Saat ini kopi tidak hanya sekadar minuman penghilang rasa kantuk saja, tapi juga bagian dari gaya hidup.Tren slow bar cafe pun sudah mulai merambah di Jogja.
Sejumlah tempat ngopi di Jogja menawarkan konsep slow bar dengan menyajikan minuman sembari berbagi pengetahuan detail mengenai kopi yang dipesan pelanggan oleh barista. Berikut rekomendasi slow bar coffe yang bisa kamu kunjungi.
1. Jagongan Coffee Roasters
Jagongan Coffee Roasters, sebuah kedai yang memang memfokuskan sepenuhnya pada kopi, sehingga mereka tidak menyediakan menu non kopi.
Salah satu keistimewaannya adalah kedai ini mengolah biji kopi mereka sendiri menggunakan mesin roasting milik mereka, sehingga setiap sajian kopi memiliki cita rasa yang unik dan khas.
Selain itu, pengunjung juga memiliki kesempatan untuk melihat bagaimana biji kopi diolah hingga siap menjadi untuk dinikmati sembari berbincang langsung dengan barista untuk bertanya lebih dalam mengenai kopi, mulai dari asal biji kopi, metode penyeduhan, hingga karakter rasa yang bisa ditemukan di setiap tegukan.
Dengan pengalaman ini, mencoba kopi disini dapat menjadi experience baru bagi para pengunjung.
Menariknya, lokasi kedai ini cukup masuk ke dalam, sehingga tak jarang pengunjung yang datang untuk pertama kali justru sempat nyasar. Namun, cerita tersesat inilah yang justru menjadi kisah sehari-hari di Jagongan Coffee Roasters, sebuah pengalaman kecil yang berujung manis ketika akhirnya menemukan kedai kopi ini.
2. Bonbale
Terletak di utara Jogja, Bonbale jadi salah satu coffee shop yang mengusung konsep slow bar. Suasananya yang terasa sejuk dan asri dengan dikelilingi pepohonan, cocok bagi pengunjung yang menyukai tempat ngopi bernuansa alam.
Di sini tersedia berbagai pilihan minuman kopi maupun non-kopi, lengkap dengan pendamping mulai dari camilan ringan hingga hidangan berat.
Fasilitas yang disediakan juga lengkap, termasuk WiFi, colokan, musala, toilet, dan area parkir yang luas. Jam operasional Bonbale dapat berubah setiap hari, jadi sebaiknya cek pembaruan terbaru melalui akun media sosial mereka.
3. Pitutur Kopi
Bergeser ke kawasan Sariharjo, Ngaglik, Sleman, terdapat Pitutur Kopi. Kedai ini menawarkan pengalaman ngopi yang santai sekaligus bersifat privat, pemilik sekaligus barista, hanya bisa melayani satu pelanggan dalam satu waktu, jadi pengunjung perlu sedikit bersabar dan mungkin perlu sedikit menunggu giliran saat kedai ramai.
Sebagai catatan penting, kalau kamu ingin berkunjung ke Pitutur Kopi, wajib mengecek Instagram @pituturkopi terlebih dahulu.

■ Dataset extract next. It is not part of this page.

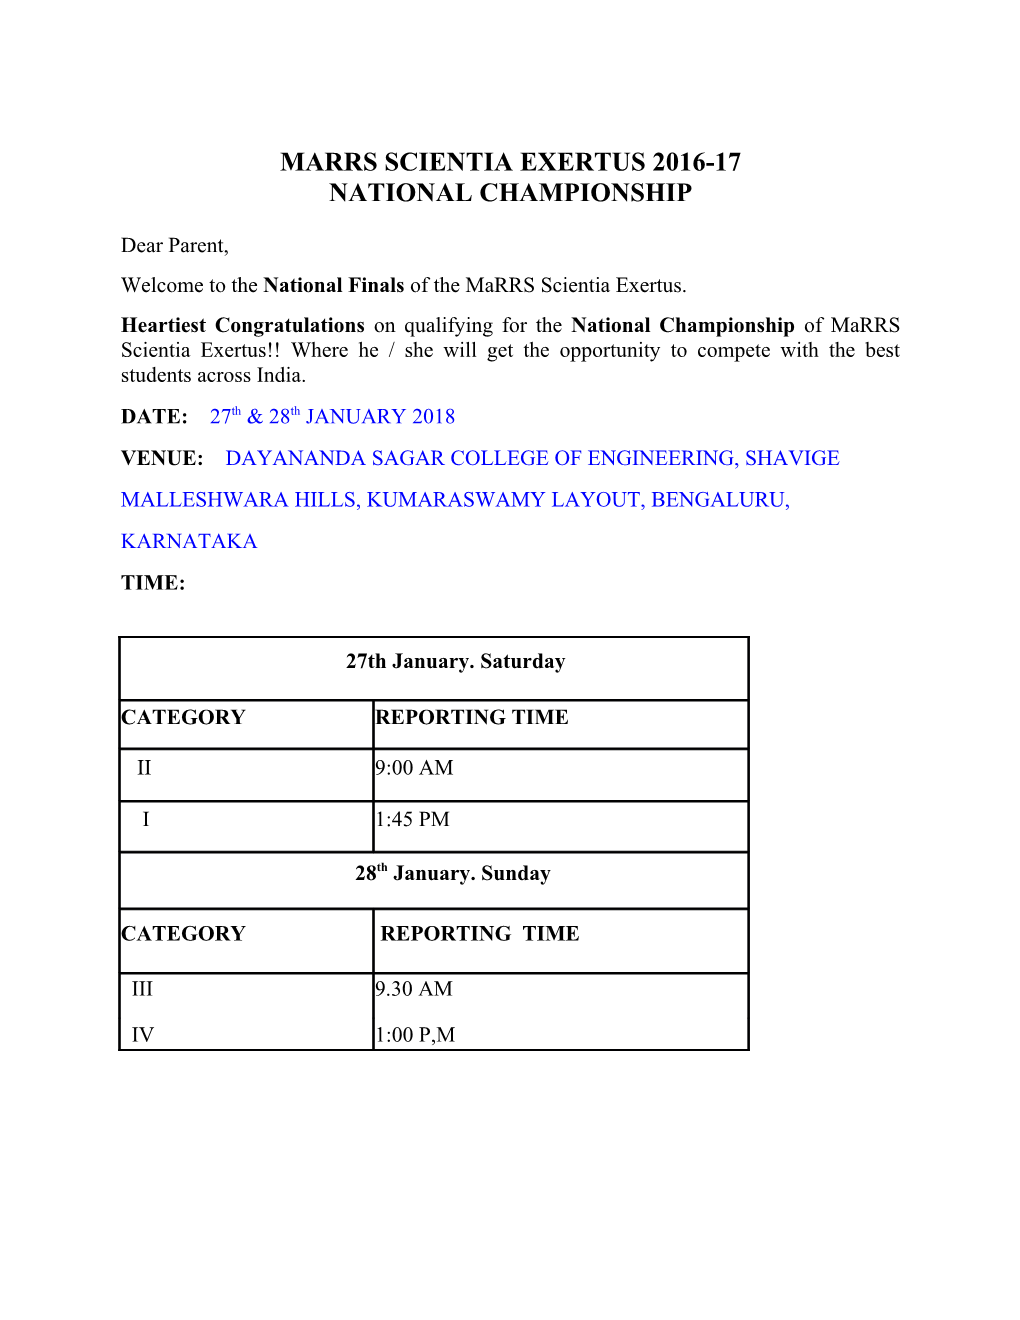 National Championship

Pasalnya, jadwal buka kedai ini tidak selalu tetap dan biasanya diumumkan melalui unggahan feed Instagram mereka. Jadi, supaya tidak berujung kecewa atau datang saat kedai belum buka, pastikan sudah update informasi sebelum berangkat.
4. Toendjoeng Djaja
Nuansa tempo dulu kini justru menjadi daya tarik tersendiri bagi banyak orang, dan Warung Kopi Toendjoeng Djaja menawarkan pengalaman tersebut. Kedai ini selalu ramai, salah satunya karena menghadirkan menu yang terjangkau namun tetap lezat.
Meski tempatnya kecil, justru hal ini membuat interaksi antara penjual dan pengunjung terasa lebih hangat dan akrab. Kedai ini cocok bagi kamu yang ingin nongkrong bersama teman atau sekadar menikmati me time sambil berbincang ringan tentang kopi dengan para barista.
5. Fill in Blue
Jika kamu ingin mengunjungi Fill in Blue, tak usah risau. Lokasinya memang agak nyempil di dalam gang daerah Jln Brigjen Katamso, meskipun menempati lokasi di dalam gang dan tidak menawarkan banyak menu, coffee shop ini kini tengah ramai diperbincangkan.
Dengan konsep sederhana dan bernuansa vintage, Fill In Blue menciptakan suasana hangat yang memungkinkan interaksi akrab antara barista dan pengunjung.
Salah satu menu yang cukup populer di sini justru bukan kopi, melainkan mocktail-nya. Di Fill In Blue, pengunjung juga bisa menikmati musik dari vinyl, menambah pengalaman ngopi yang berbeda.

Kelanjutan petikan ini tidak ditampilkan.